Confira os preços da cesta básica que cresceram mais no Brasil de acordo com uma pesquisa realizada pelo Dieese!

Andreza AraújoPor Andreza Araújo2 min de leitura
cesta básica do governo

A Pesquisa Nacional da Cesta Básica de Alimentos, realizada mensalmente pelo Departamento Intersindical de Estatística e Estudos Socioeconômicos (Dieese), divulgou seus resultados neste mês. Logo, é possível saber em quais lugares do país ela está mais cara.

Dessa forma, a cidade do Rio de Janeiro registrou a cesta básica mais cara do Brasil em fevereiro deste ano, ultrapassando até mesmo São Paulo. O custo médio no município foi de R$ 832,80, enquanto a capital paulista apresentou um valor de R$ 808,38. Continue a leitura para mais informações!

Capital fluminense tem a cesta básica mais cara do Brasil

cesta básica do governo
Imagem: rafapress / Shutterstock.com

O estudo mostrou que as maiores elevações ocorreram no Rio de Janeiro (5,18%), em São Paulo (1,89%) e em Salvador (1,86%).
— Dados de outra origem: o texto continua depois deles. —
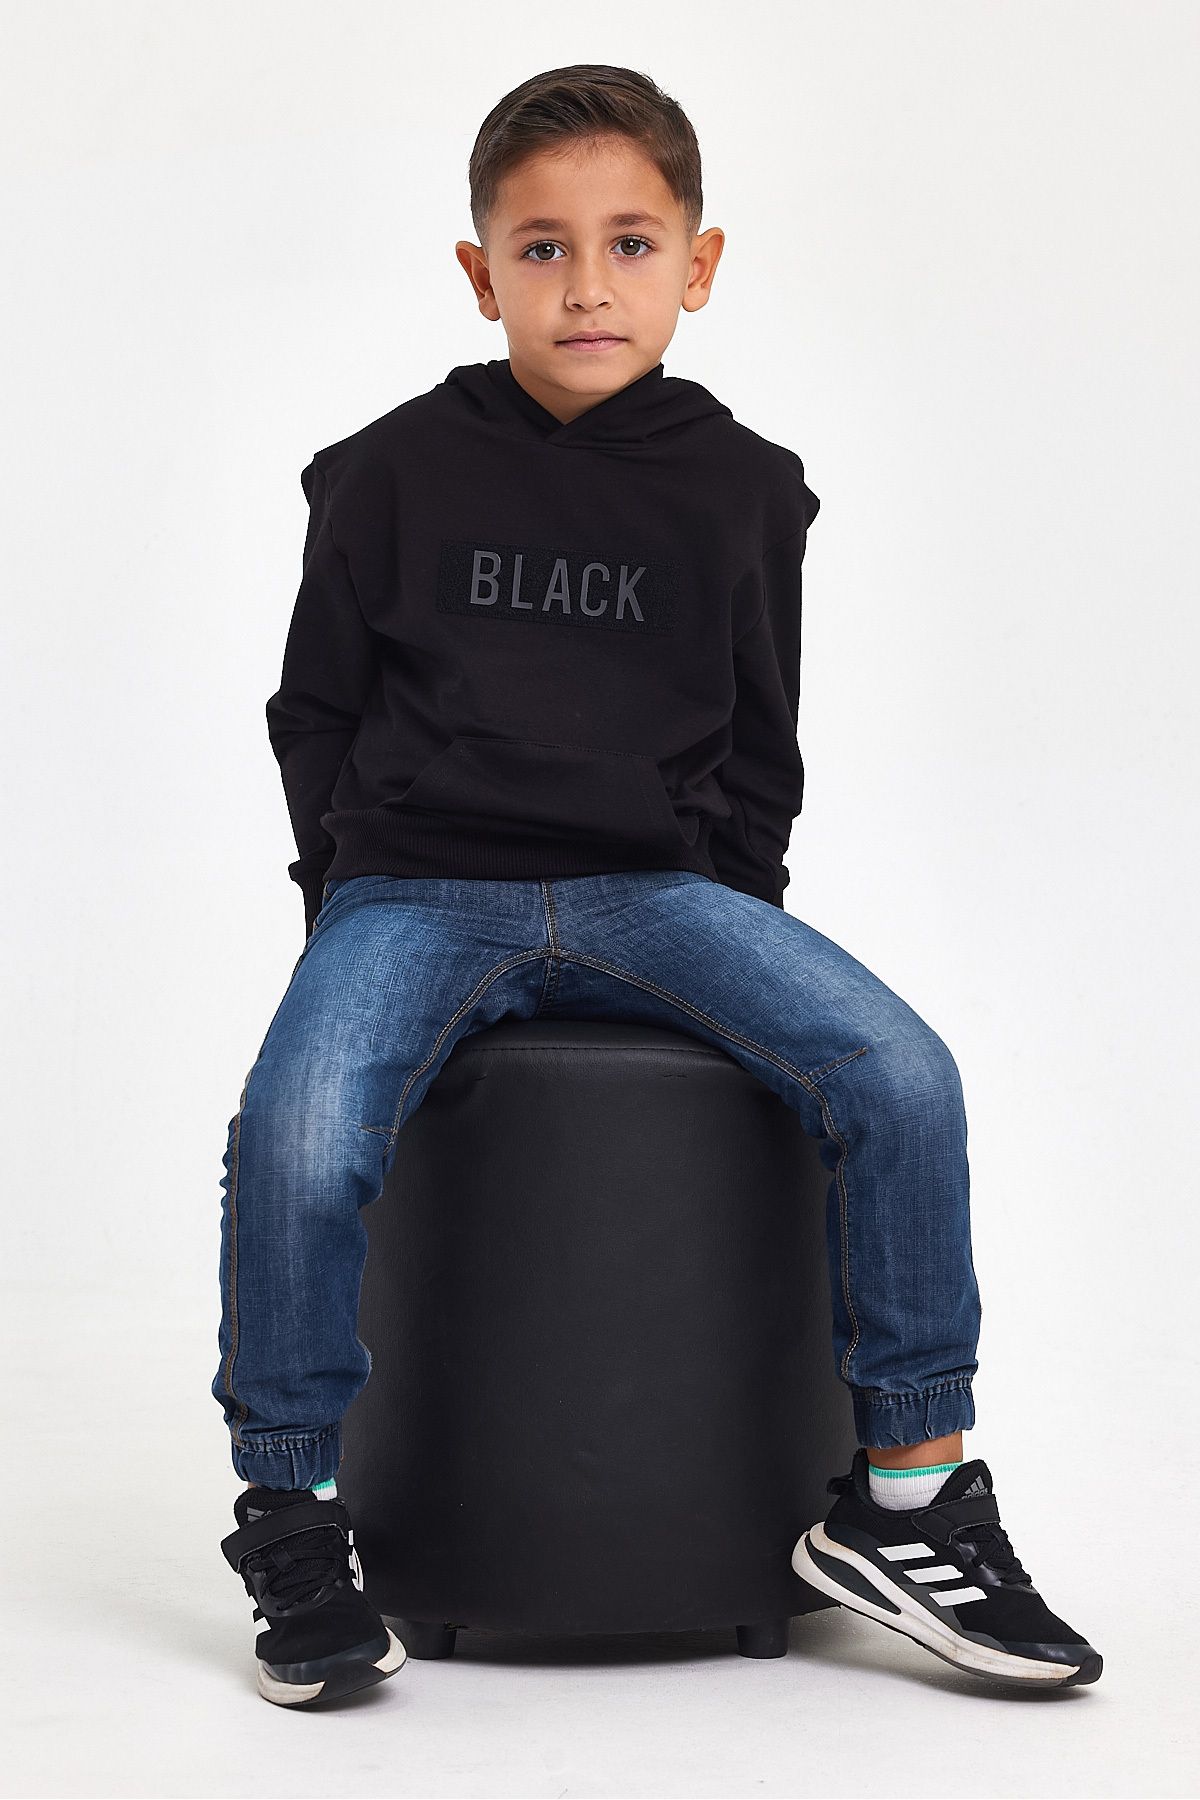 MRS CLOTHING Erkek Çocuk Sweatshirt 3d Baskılı %100 Pamuk Kışlık Siyah Kapüşonlu Oversize Hoodie

Por outro lado, as capitais que tiveram redução nos preços foram Florianópolis (-2,12%), Goiânia (-0,41%) e Brasília (-0,08%).

Em contrapartida, nas capitais do Norte e do Nordeste do país, onde a composição da cesta básica é diferente, os preços médios encontrados foram menores. Aracaju liderou com o menor valor, R$ 534,40, seguida por Recife, com R$ 559,68, e João Pessoa, cujo valor registrado foi de R$ 564,50.

Salário mínimo insuficiente para manutenção familiar

O Dieese também calculou o valor do salário mínimo suficiente para atender as necessidades básicas de um trabalhador e seus dependentes. Levando em consideração despesas com alimentação, moradia, saúde, educação, vestuário, higiene, transporte, lazer e previdência, o salário mínimo necessário em fevereiro seria de R$ 6.996,36. Isso representa 4,95 vezes o mínimo atual, de R$ 1.412.

Em janeiro, por exemplo, o salário mínimo necessário estimado foi de R$ 6.723,41, o equivalente a 4,76 vezes o salário mínimo vigente, ainda segundo dados do Dieese.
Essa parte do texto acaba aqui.